С тех пор он не выезжал из Москвы, покидая штаб-квартиру только при работе против ненавистных американцев, держа под наблюдением их посольство и устраивая слежку за дипломатическим персоналом. Одно время он целый год проработал в следственном отделе, прежде чем перейти обратно во Второе главное управление. Старшие офицеры и инструкторы не поленились отметить в его личном деле его страстную ненависть к англоамериканцам, евреям, шпионам и предателям, а также необъяснимую, но в рамках допустимого, жестокость при допросах.

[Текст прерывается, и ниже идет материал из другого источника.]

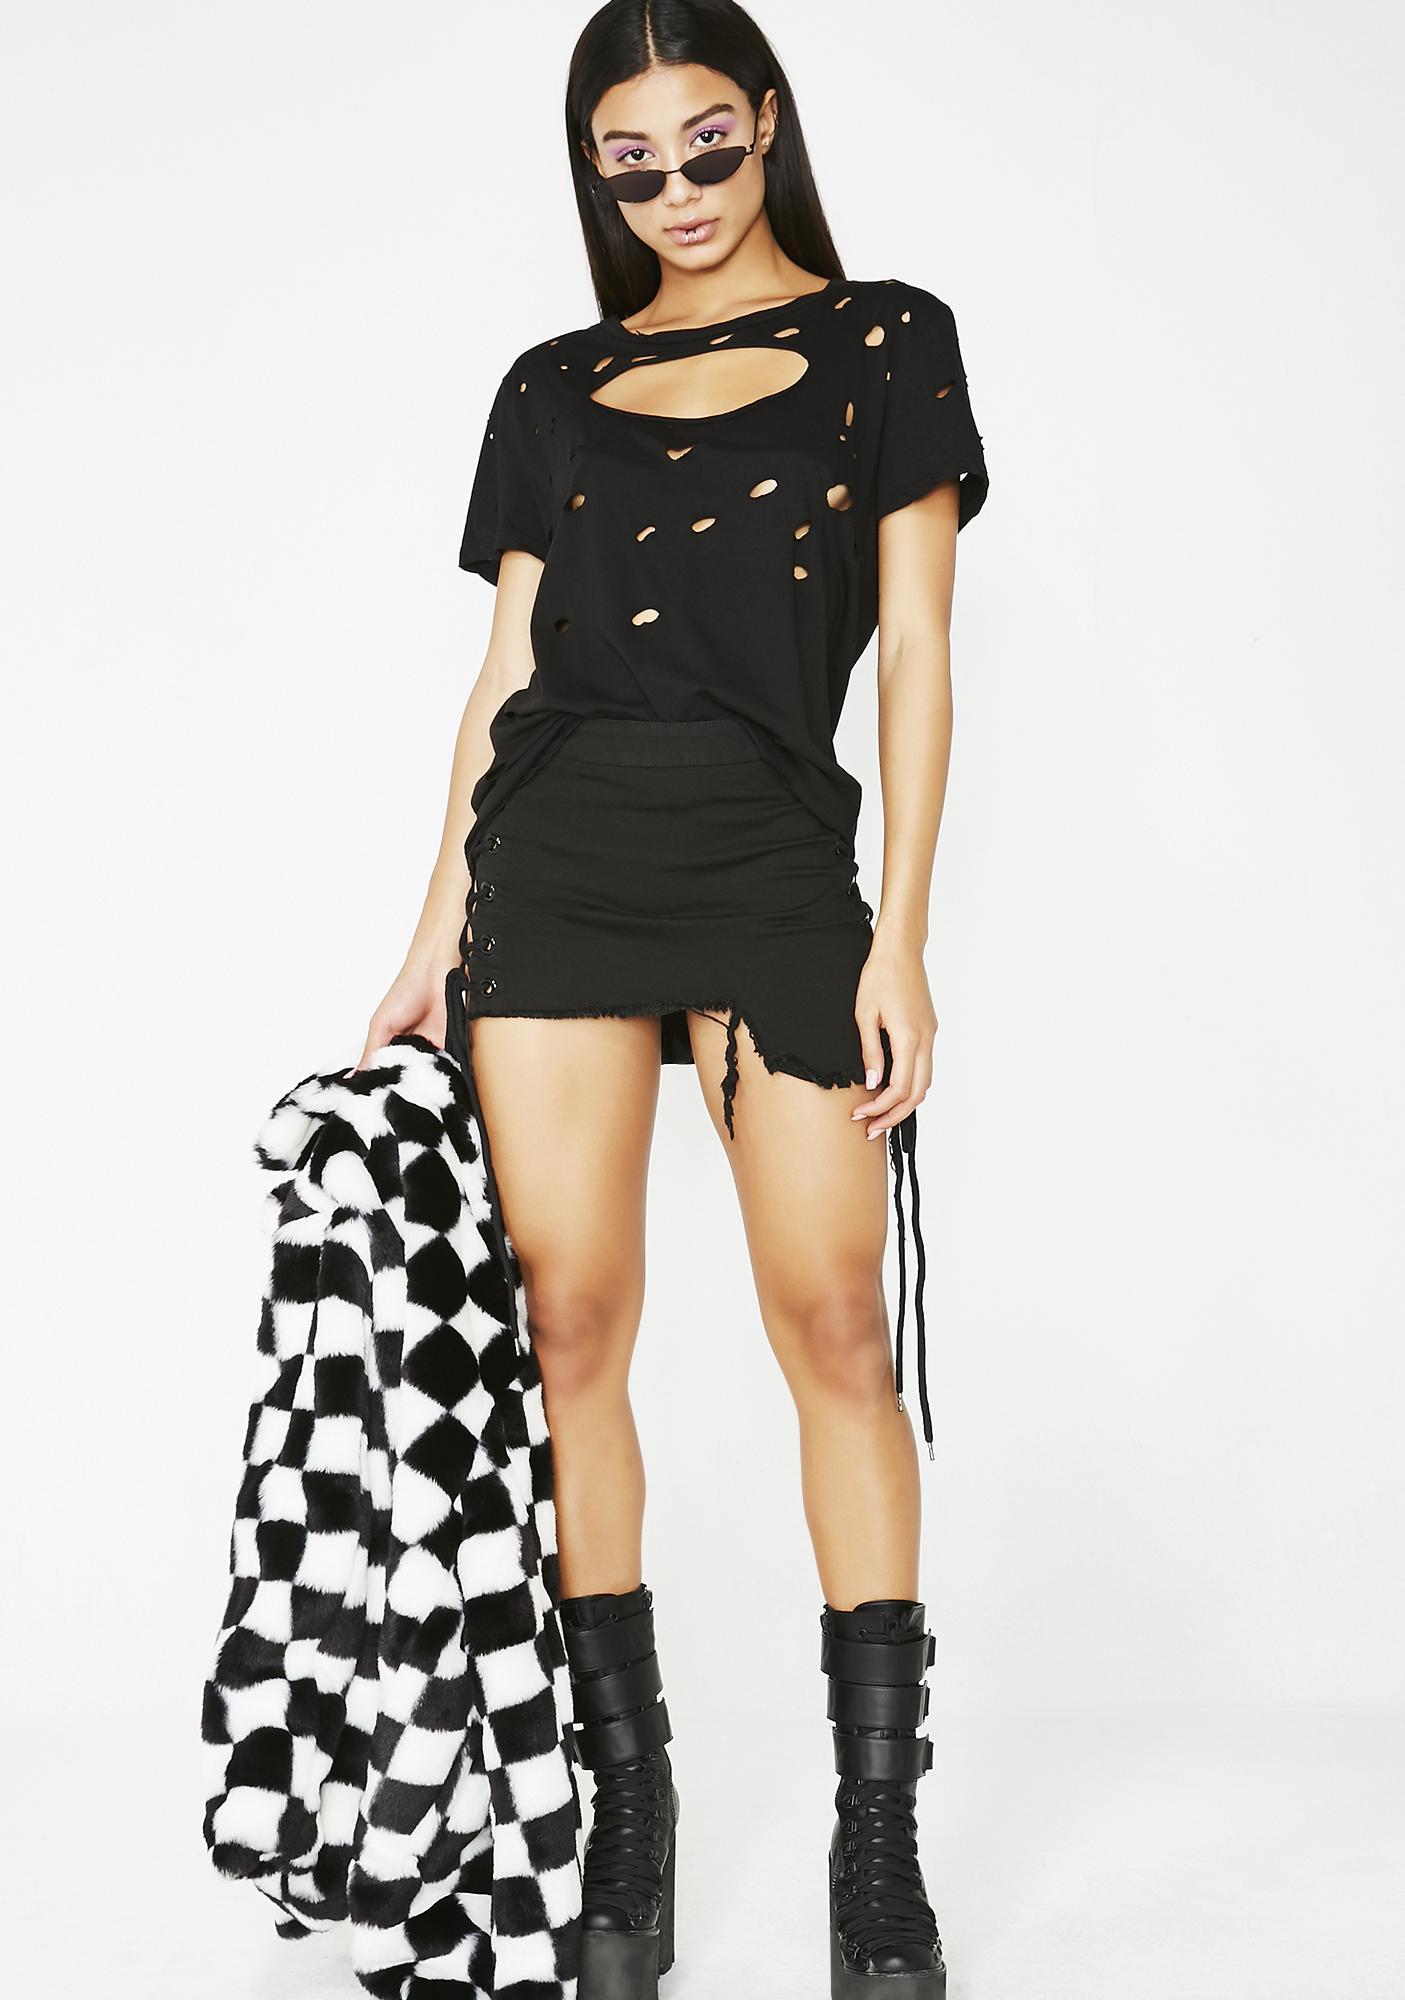 Kiki Riki Double Life Lace Up Skirt
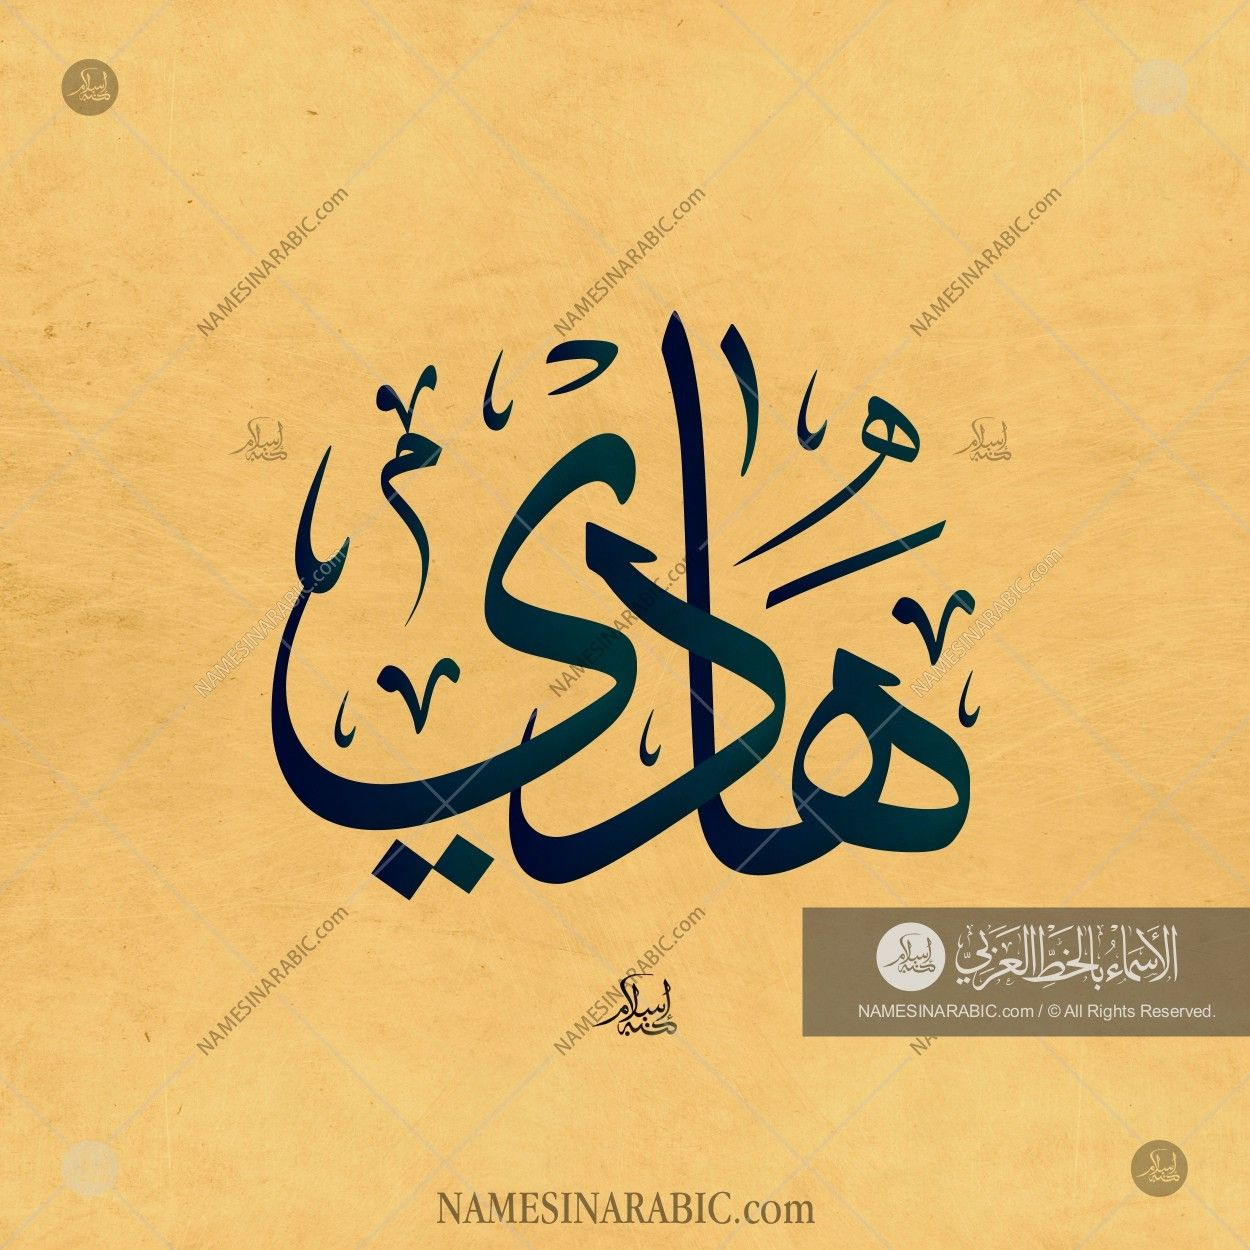 Hadi هادي Names In Arabic Calligraphy Name 6875 Calligraphy Name Calligraphy Names

Генерал закрыл досье и улыбнулся. Он нашёл своего человека. Если требуются быстрые результаты, то полковник Анатолий Гришин — именно тот, кто ему нужен.

Из оставшихся тринадцати повезло одному — или он оказался достаточно ловок. Сергей Бохан был офицером советской военной разведки, работавшим в Афинах. Ему срочно приказали вернуться в Москву на основании того, что у сына сложности с экзаменами в военной академии, где тот учился. Однако через друзей он узнал, что сын учится прекрасно. Нарочно опоздав на заказанный рейс домой, он обратился в отделение ЦРУ в Афинах, и его поспешно вывезли оттуда.

Остальные двенадцать были схвачены. Некоторые на территории СССР, другие за границей. Последним приказали вернуться под различными предлогами, которые все были ложными. Всех арестовали сразу же по прибытии.

Бояров сделал правильный выбор: все двенадцать были добросовестно допрошены, и все двенадцать сознались. Альтернативой для них был только ещё более добросовестный допрос. Двое через несколько лет бежали из лагеря и теперь живут в Америке. Остальные десять прошли через пытки и были расстреляны.

Глава 5

Примерно посередине Сент-Джеймс, небольшой, с односторонним движением улицы, ведущей к северу, находится ничем не отличающийся от других серый каменный дом с синей дверью. На доме нет вывески. Для тех, кто знает, что это за дом, найти его не составляет труда; те же, кто не знает, не испытывают побуждения войти в него и проходят мимо. «Брукс клаб» не афиширует себя.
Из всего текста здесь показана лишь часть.